In the photo above, the nucleus of a single-celled Escherichia coli (E. coli) bacterium has ruptured. From the spill, we can estimate the length of its genome! The DNA covers a region with radius

\[d \approx 5 \,\mu\text{m} = 5000 \text{ nm}.\]

Then, using the chunk length $\ell = 48$ nm, we guess that the number of chunks is

\[n \sim \frac{d^2}{\ell^2} \approx \left(\frac{5000}{48}\right)^2 \approx 1.1 \times 10^5.\]

Multiplying by the number of base pairs per chunk, we estimate a genome length

\[L_\text{gen} \sim n \times (140 \text{ bp}) \approx 1.5 \times 10^6 \text{ bp},\]

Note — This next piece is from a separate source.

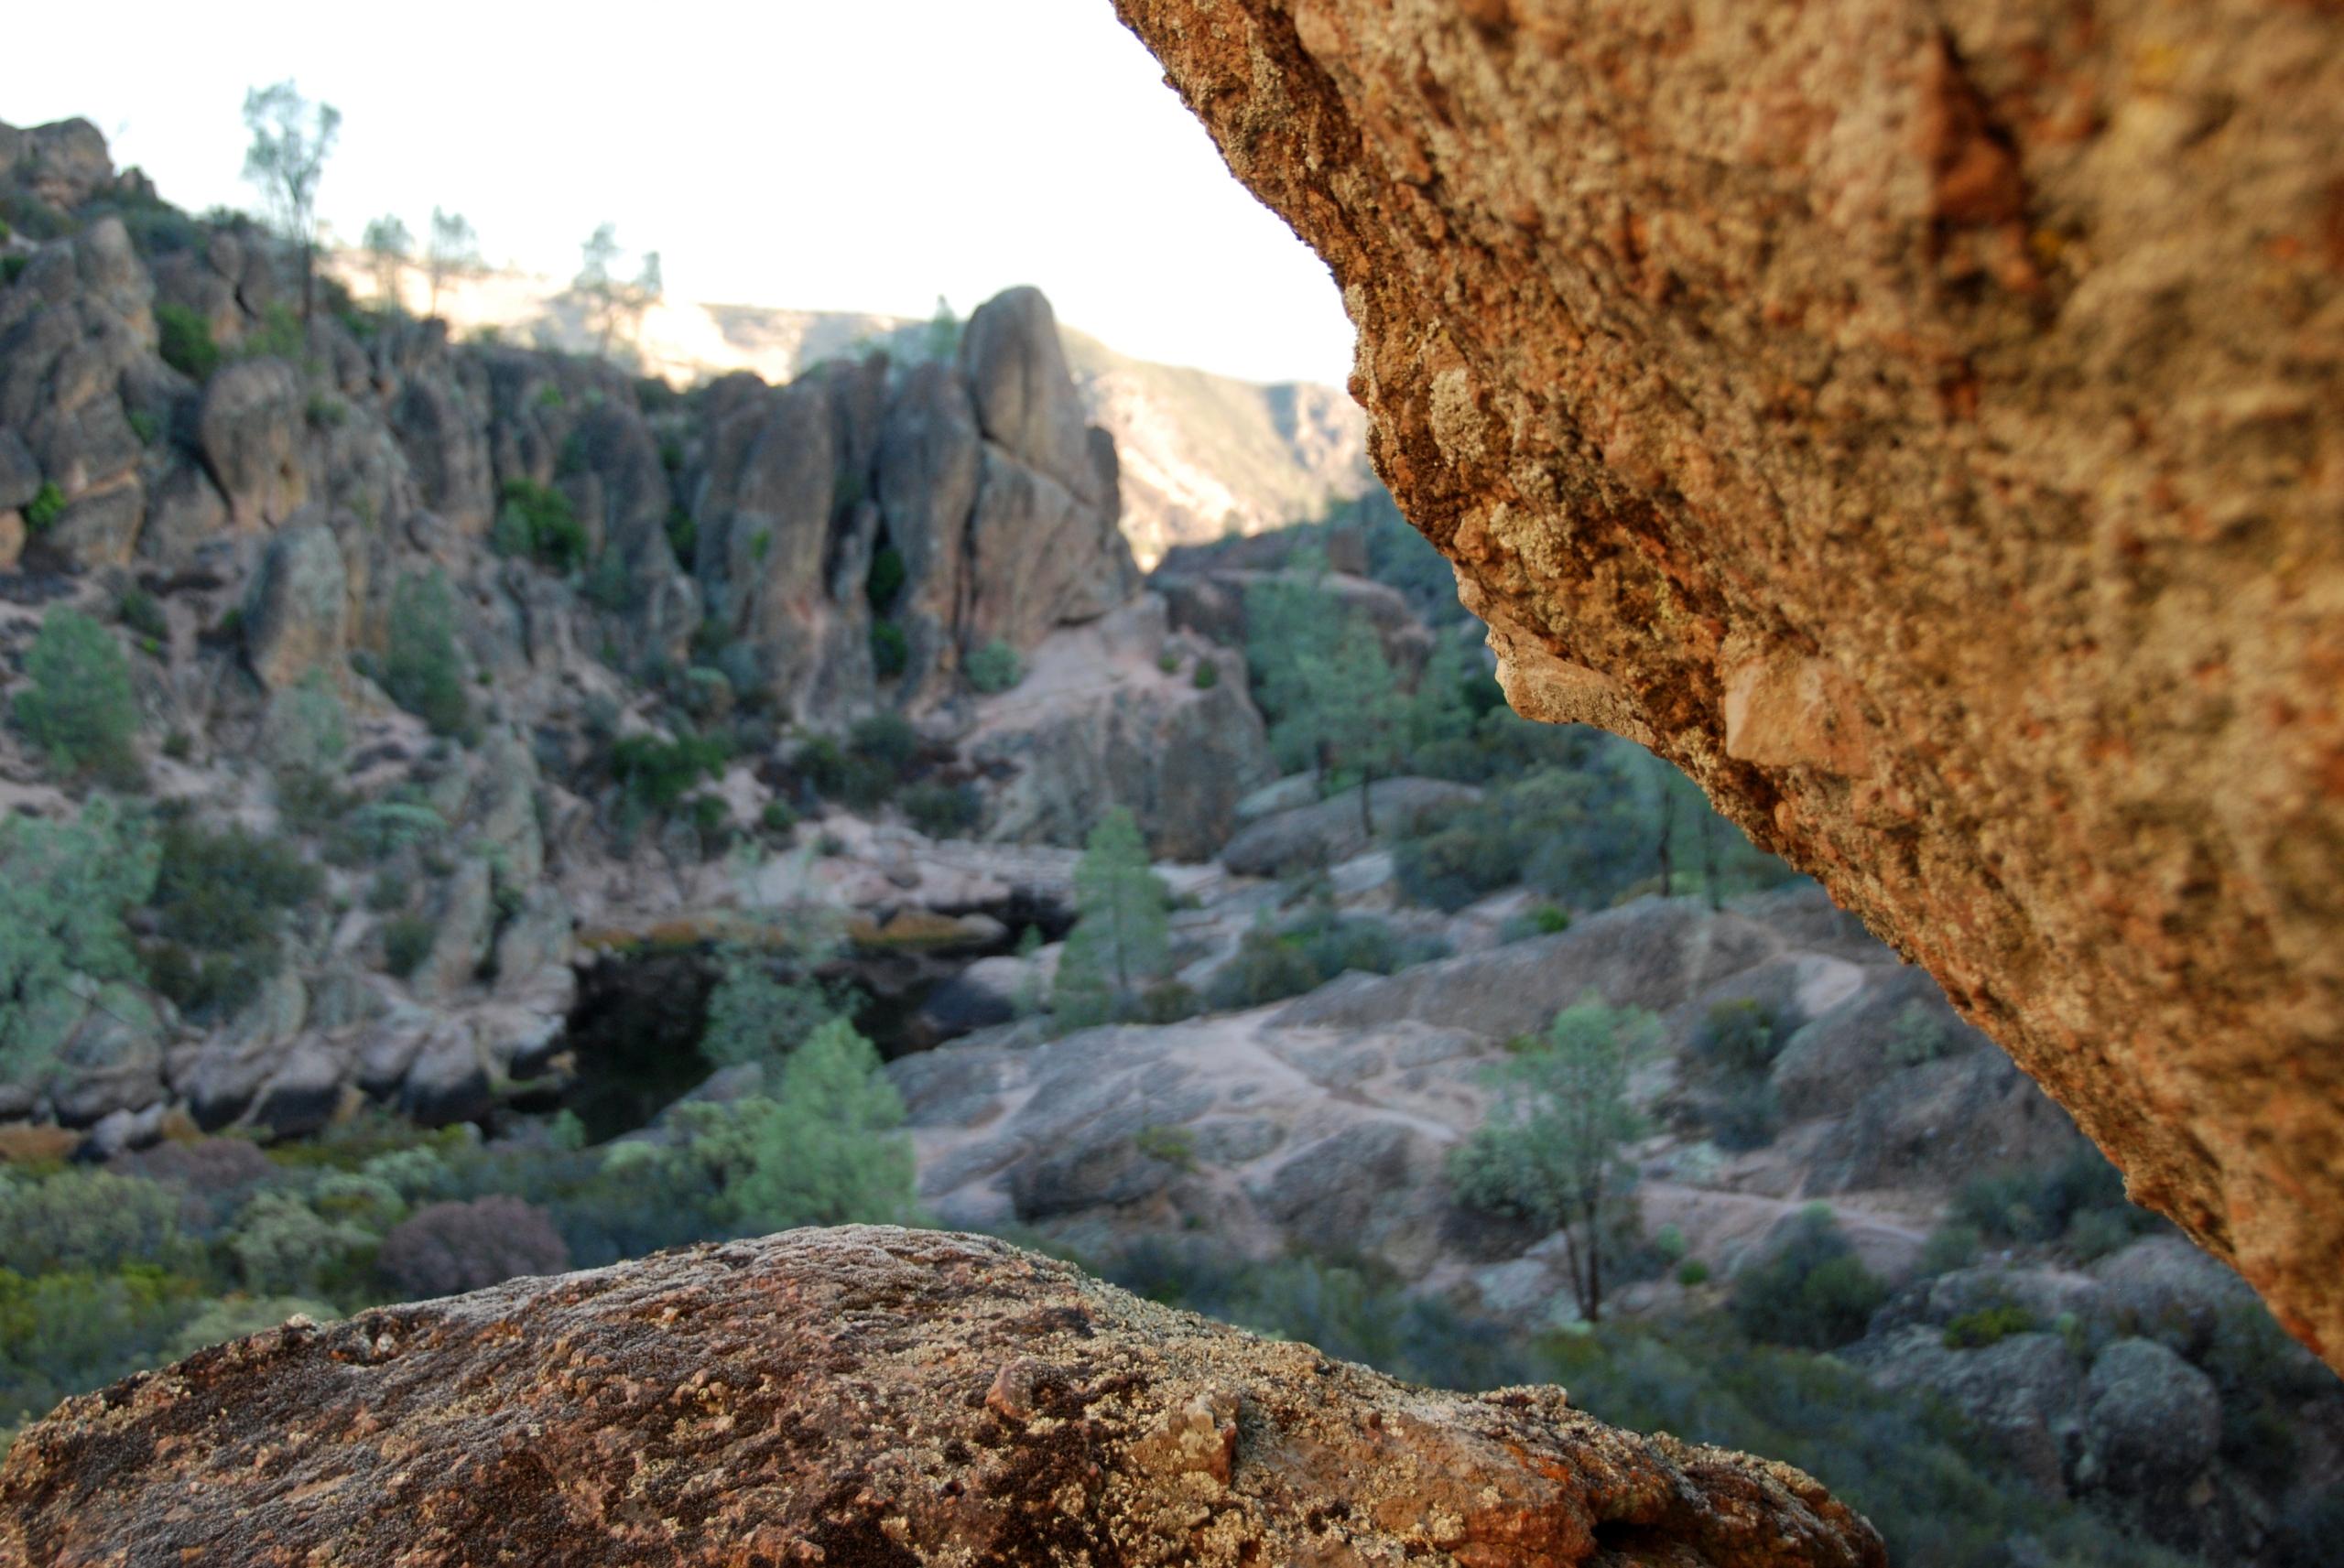 Pinnacles National Park Bat Caves Amp Vistas Shore Looks Nice

or $1.5$ Mbp. A careful count gives $4.6$ Mbp, so we are just within an order of magnitude!

Exercise 13 (gone fishing). Wandering the shipyards one day, you notice a rusty old anchor and chain, probably from a decommissioned fishing vessel. The chain is piled haphazardly on the dock. The links are around $7$ inches in length, and the pile is $4.7$ m across. What is the approximate length of the chain?

4.2. Bumping into things

Collisions occur when objects happen to be in the same place at the same time. If you want to keep track of what is entering your space, imagine that you sweep out an envelope as you move. The bigger you are, the more likely you are to collide with things. But you are more likely to collide with elephants than fleas! You also want to take into account the size of the objects you might be running into.

The formal way of doing this is a scattering cross-section $\sigma$. The basic idea is that if you sweep out a “collision cylinder” with cross-section $\sigma$, and the centre of another object lies in the cylinder, a collision will occur. The cross-section $\sigma$ takes into account both your size and the size of the objects you collide with. If you move a distance $\lambda$, and have scattering cross-section $\sigma$ with respect to elephants (or whatever it is you are worried about colliding with), your collision cylinder will have volume

\[V = \lambda\sigma.\]

If we know the number of colliding objects (e.g. elephants) per unit volume in the vicinity, we can estimate the number of collisions. For instance, if there are $n$ elephants per unit volume, then on average, you will collide with $nV = n\sigma \lambda$ elephants as you move a distance $\lambda$.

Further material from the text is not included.